Muitos foram os que muito fizeram. Tratava-se de combater as tragédias e de apoiar as suas vítimas.

Já naquela altura, não faltava dinheiro para matar a vida; o que faltava era dinheiro para matar a fome.

Foi então que passou pela cabeça de  Harry Belafonte gravar um disco com a participação dos nomes mais sonantes da música. Era uma forma de atrair a atenção do público e a consequente angariação de fundos.

A canção foi composta por Lionel Richie e Michael Jackson. Mas a intenção era que ela fosse entoada pelo maior número possível dos intérpretes mais populares.

Foi possível 7juntar 46 nomes que entraram no estúdio a 28 de Janeiro de 1985. Entre tantos outros, contavam-se Stevie Wonder, Bruce Springsteen, Ray Charles, Diana Ross, Tina Turner e Bob Dylan.
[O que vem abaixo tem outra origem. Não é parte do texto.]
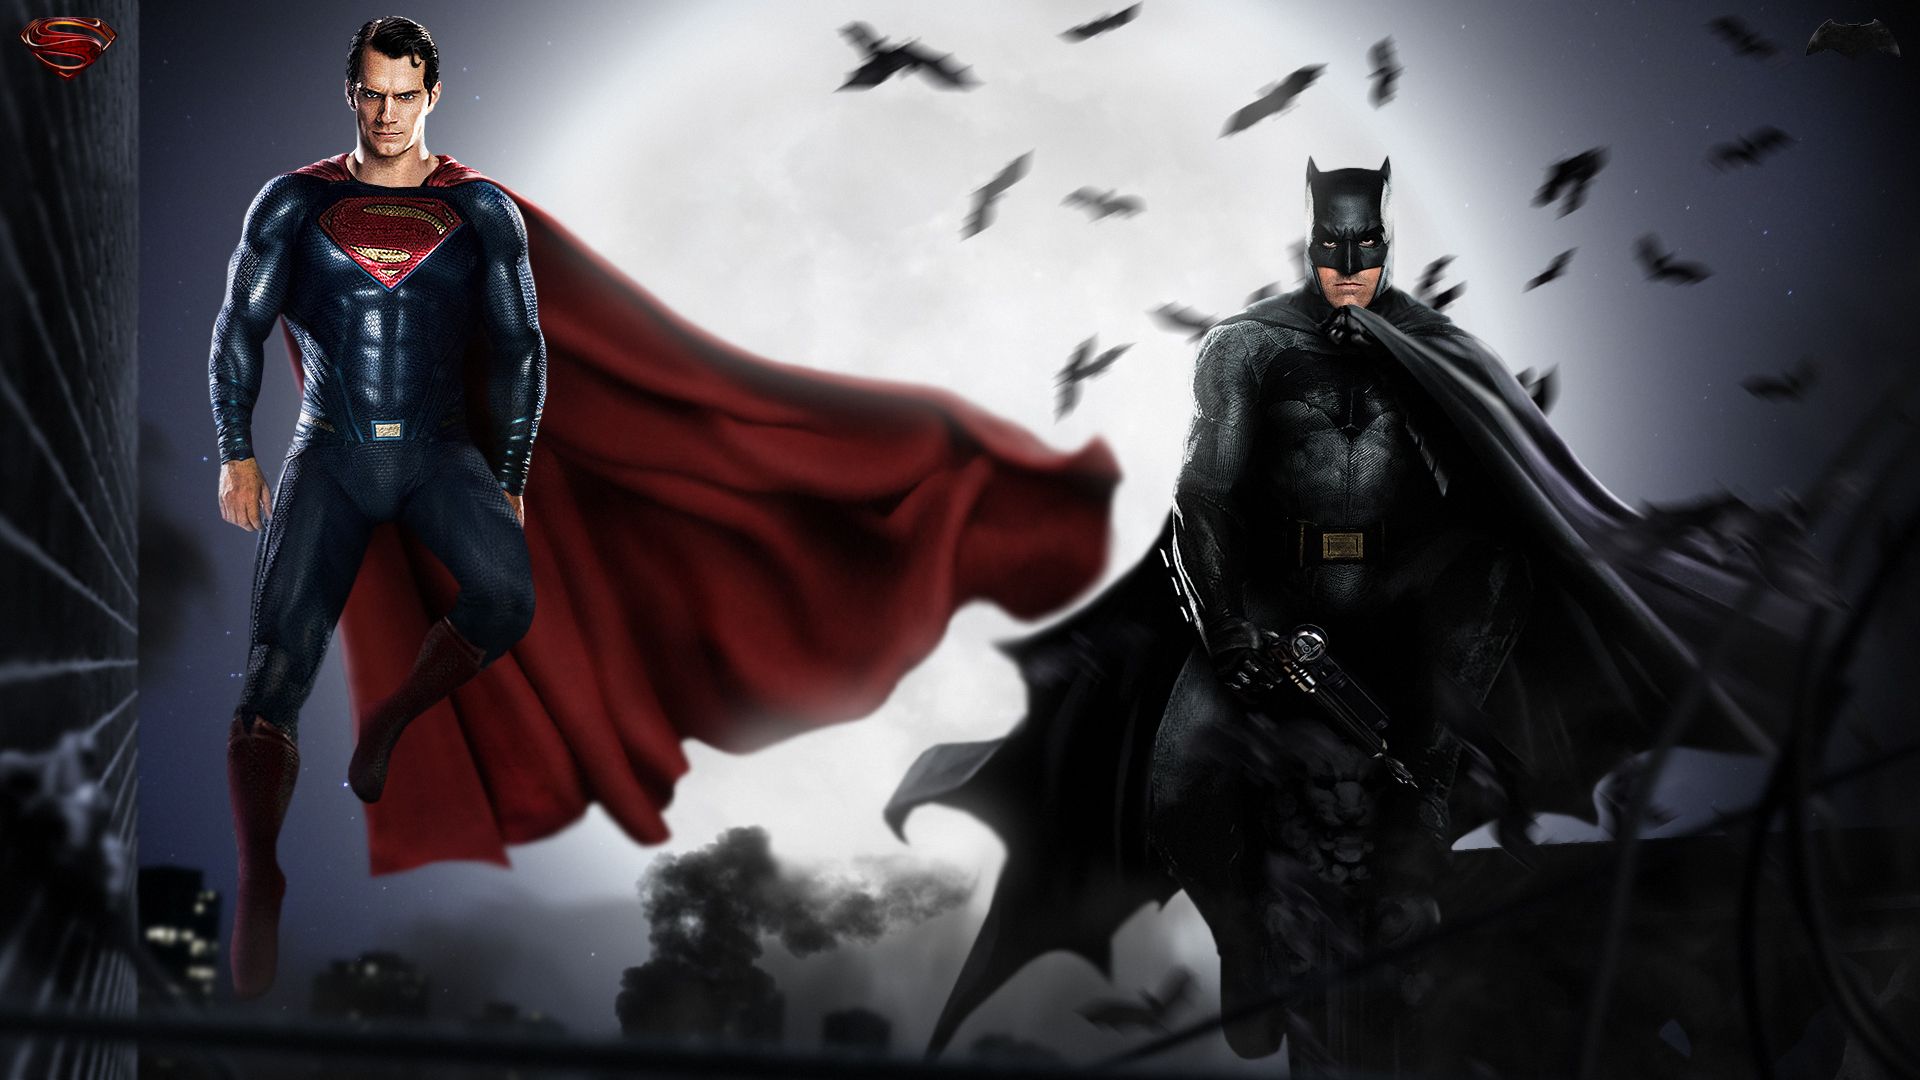 Batman vs Superman HQ Wallpapers | Full HD Pictures

Acontece que, como é compreensível, só a 21 dos 46 disponíveis foi dada oportunidade de fazer solos.

Os restantes – apesar das suas aplaudidas carreiras – participariam no comum refrão.

Antecipando algum melindre — numa constelação de «estrelas», é natural que cada uma se considerasse a maior —, houve (Quincy Jones) quem se lembrasse de deixar um cartaz à porta.

O cartaz, inevitavelmente avistado por todos, trazia um aviso: «Deixem os vossos egos à porta».

O importante não era cada um brilhar por si, mas contribuir em coro para salvar vidas.

Como seria de esperar, ainda se registou uma recusa e também não faltou quem depreciasse a composição, alegando que não tinha suficiente qualidade.

Mas no geral a recomendação, ínsita no cartaz, surtiu efeito. Os egos ficaram mesmo à porta. A gravação fez-se. O disco («We Are The World»)  saiu. E o almejado dinheiro multiplicou-se.

Calcula-se que o total obtido já tenha ultrapassado os 55 milhões de euros. 

A fome não terminou. Mas foi um auxílio considerável. E – não menos relevante – um exemplo excepcional.

Quando deixamos os egos à porta, todas as portas se abrem. Até as portas do que parece impossível.

Aliás, já António Macedo vincava que, «sozinhos, não somos nada». O mais talentoso ainda tem muito para aprender. E, mesmo que não o pretenda, o mais humilde também tem bastante para ensinar. 

Deixemos, então, os egos à porta. A fim de, por ela, entrarem os nossos irmãos. Juntos, faremos melhor. E conseguiremos (muito) mais!